Surveys show that people around the world are feeling lonelier than ever. The issue has attracted growing attention from public officials and health experts, who have tied loneliness to unfavorable health outcomes—from higher rates of emotional and physiological illness to higher mortality rates.

  • Loneliness isn’t just a U.S. phenomenon. In a nationwide survey released in October from the BBC, a third of Britons said that they often or very often feel lonely. According to the charity Age UK, nearly half of Britons over 65 consider the television or a pet their main source of company. In Japan, there are more than half a million people under 40 who haven’t left their house or interacted with anyone for at least six months. The growing popularity of living alone is also mirrored around the world. In Canada, the share of solo households is now 28 percent. Across the European Union, it’s 34 percent.
  • Other qualitative behavioral changes may also be contributing to a loneliness epidemic. The measured rise in solo living across America is indeed dramatic. But other factors also point to declining social connectedness, such as delayed marriage and family formation; the erosion of civic organizations and other traditional sources of social support; declining job security; declining face-to-face interaction; and declining trust in institutions. To be sure, not all forms of social connectedness are declining. Some are improving—family time, for instance. It’s also possible that technological innovation is masking new forms of social cohesion. But on balance, it’s fair to say that our social bonds are weakening and our social horizons are narrowing.

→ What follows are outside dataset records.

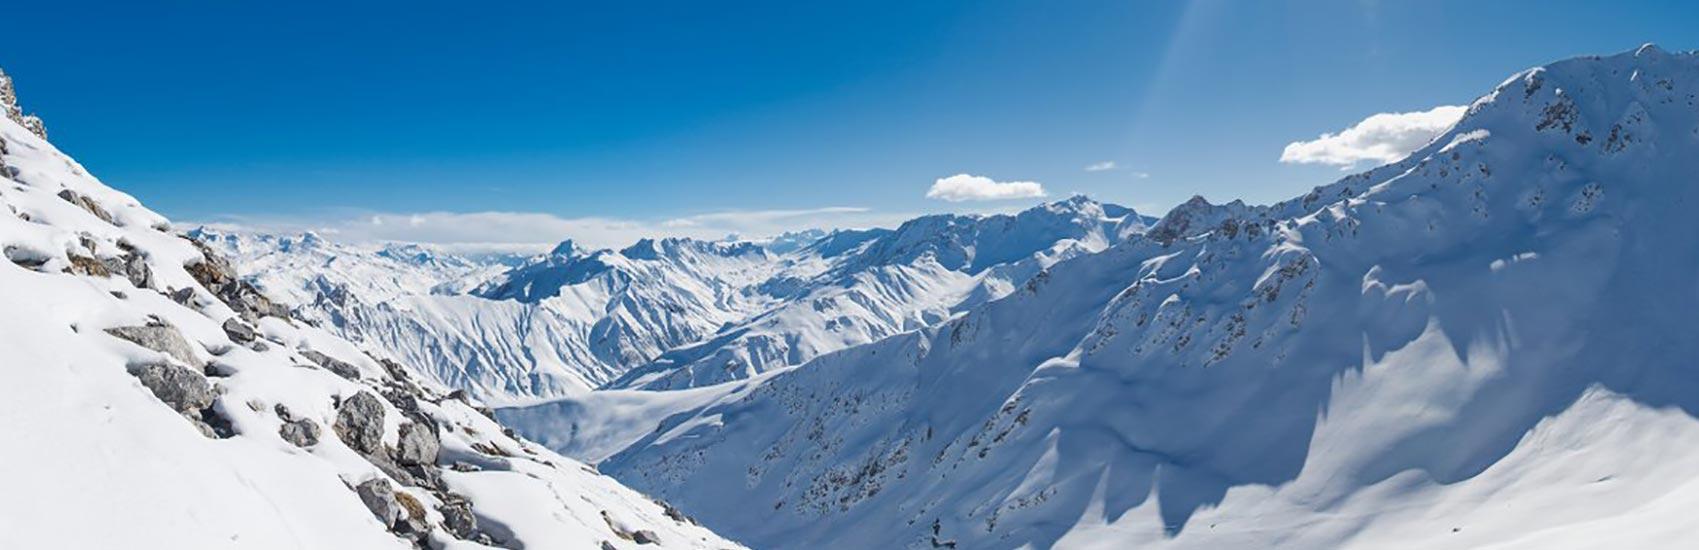 Ski Getaways on Sale with Club Med 5
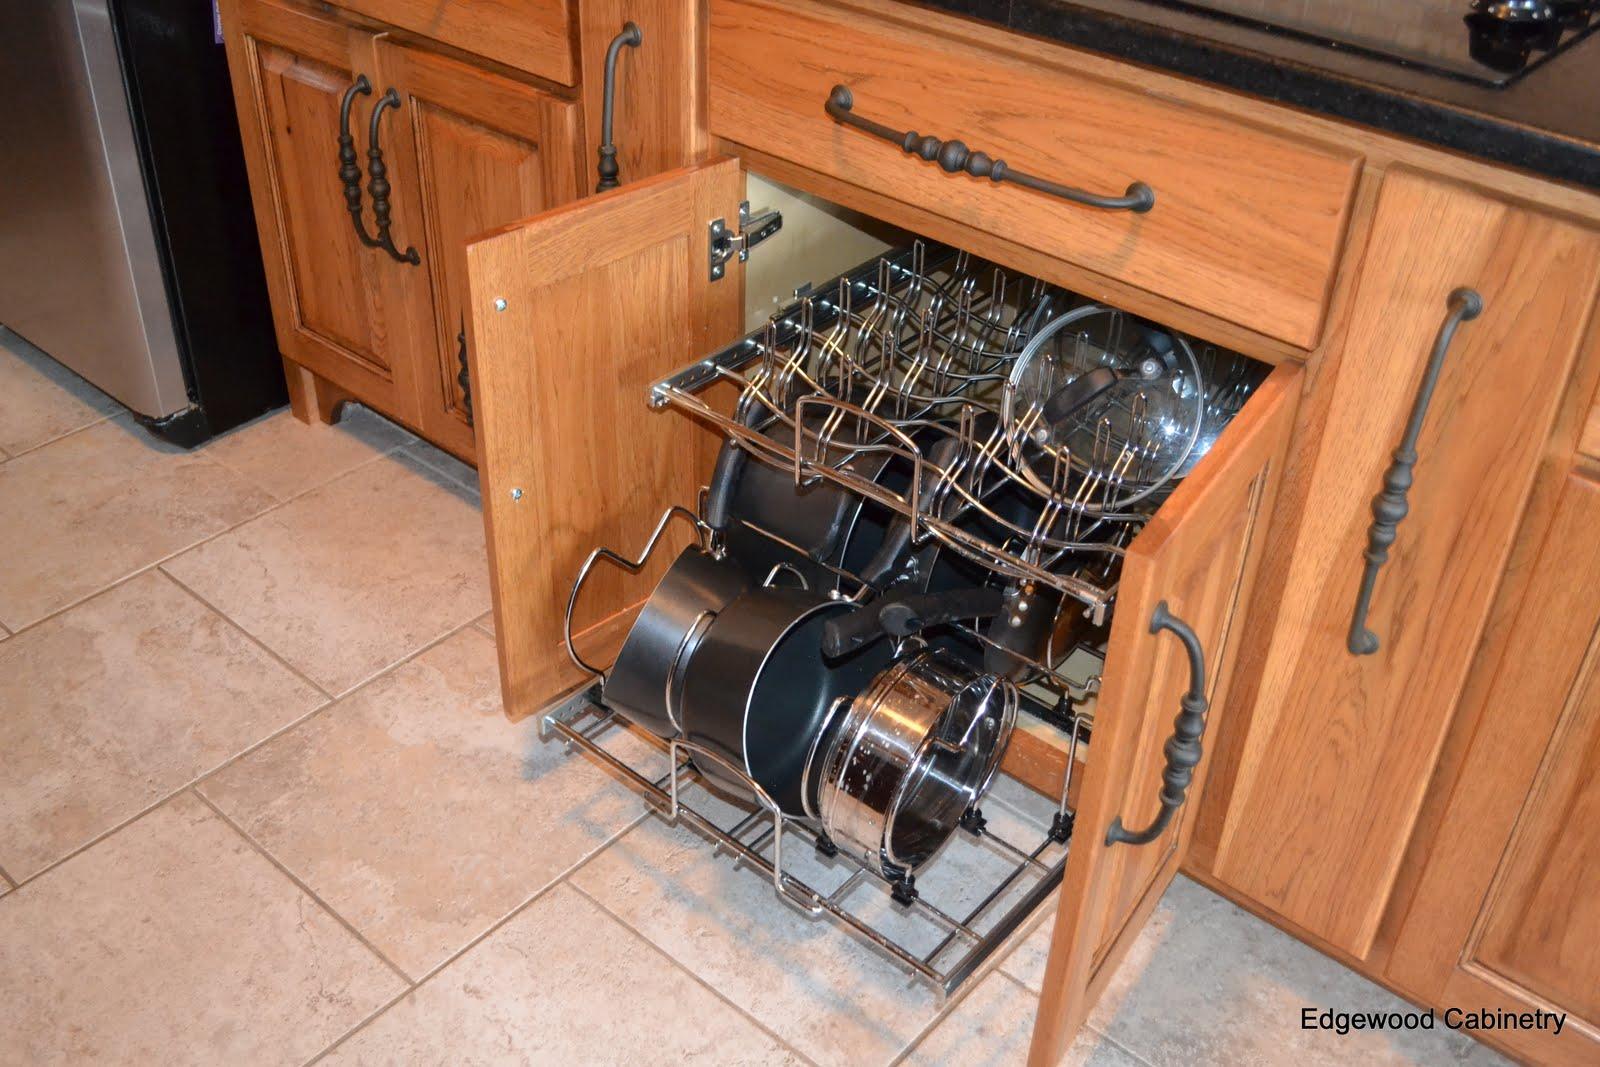 edgewood cabinetry pot pan storage
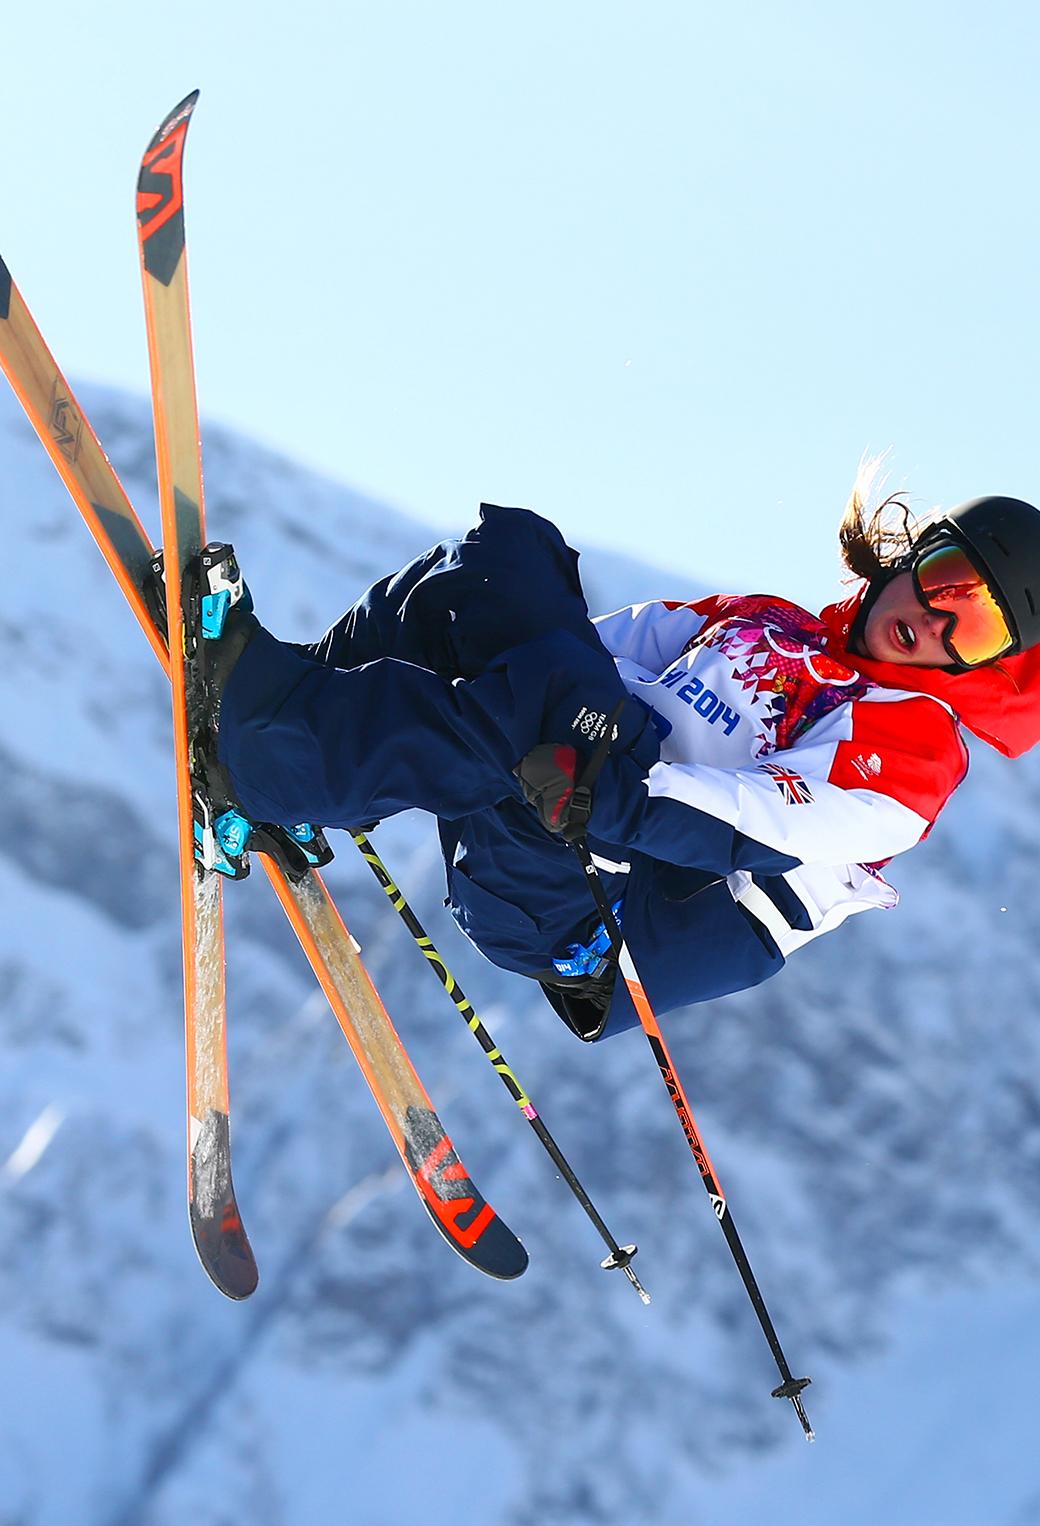 Sochi 2014 Ski Freestyle 3Wallpapers iphone Parallax Sochi 2014 Ski Freestyle
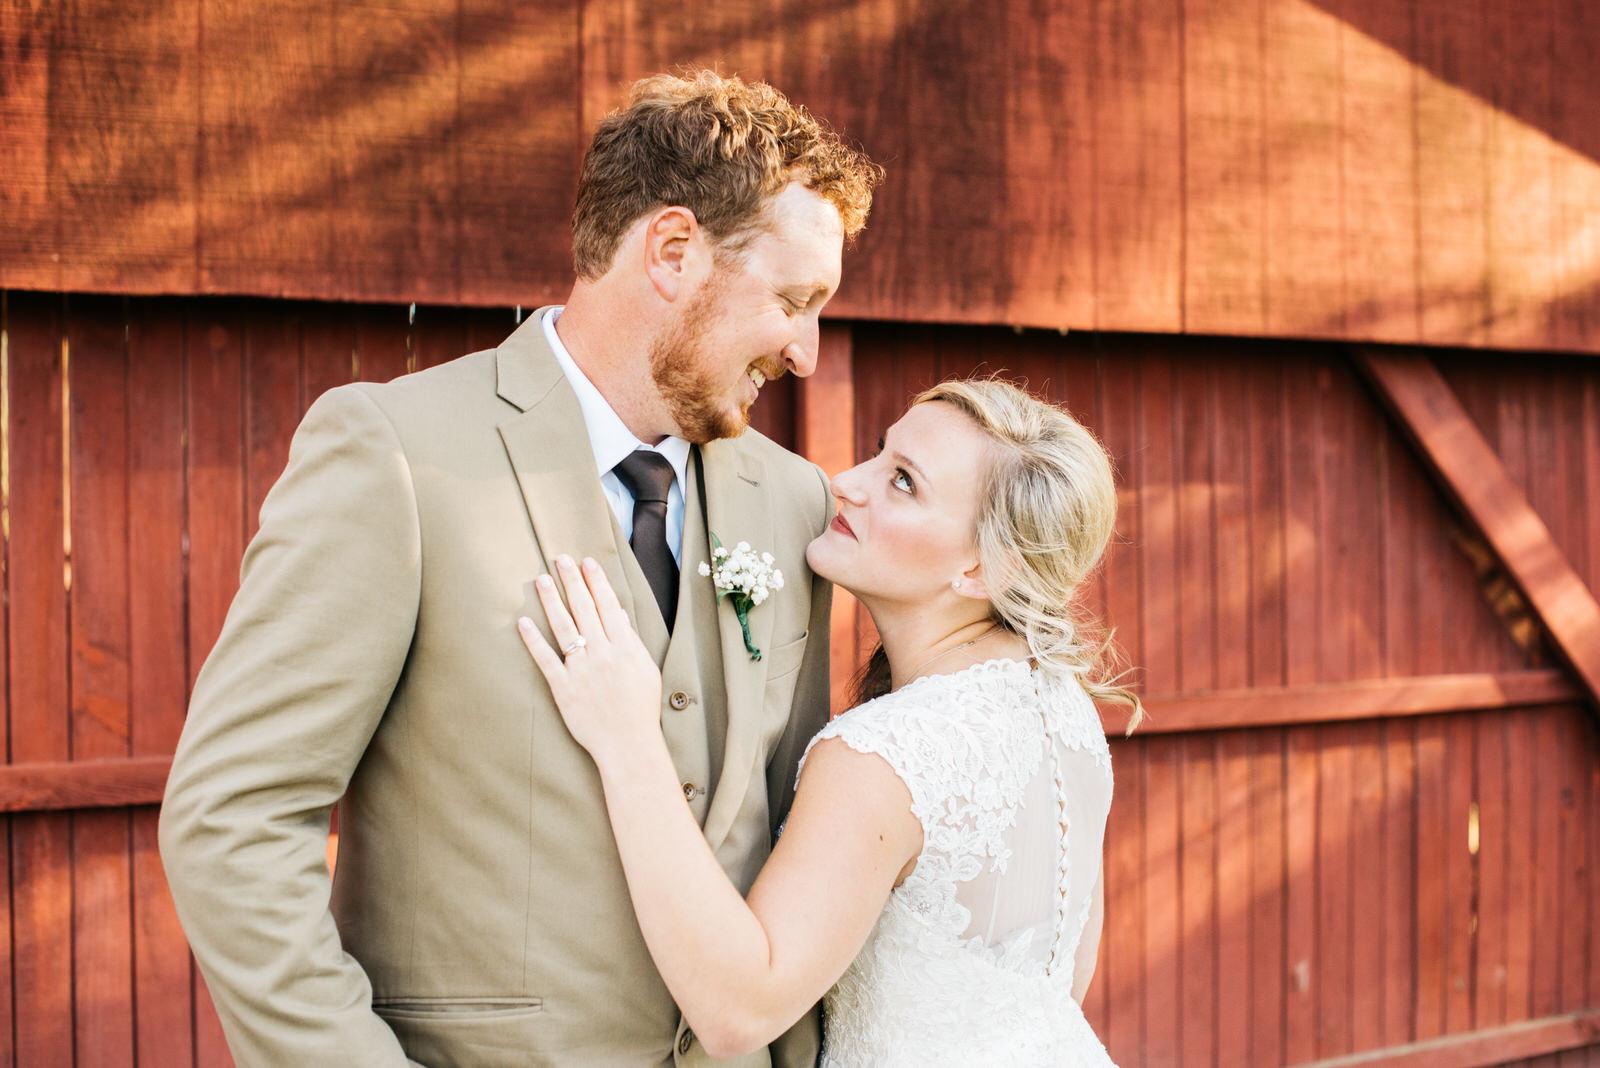 wedding_at_red_fox_winery_wedding_photographer061.jpg

  • Millennials may be the most active seekers of togetherness. There’s evidence that loneliness among American high school and college students has actually declined over the past few decades. Yet loneliness is still something that greatly troubles Millennials. According to the 2016 VICELAND UK Census, a broad-based survey of U.K. Millennials, loneliness is the number one fear of young people today—ranking ahead of losing a home, losing a job, and becoming the victim of a terrorist attack. A separate survey by Everyday Health finds that 42 percent of Millennial women are more afraid of loneliness than a cancer diagnosis, by far the highest share of any generation. This fear has been ingrained into the very lexicon of Millennials, immortalized in acronyms like “FOMO” and its many companion terms.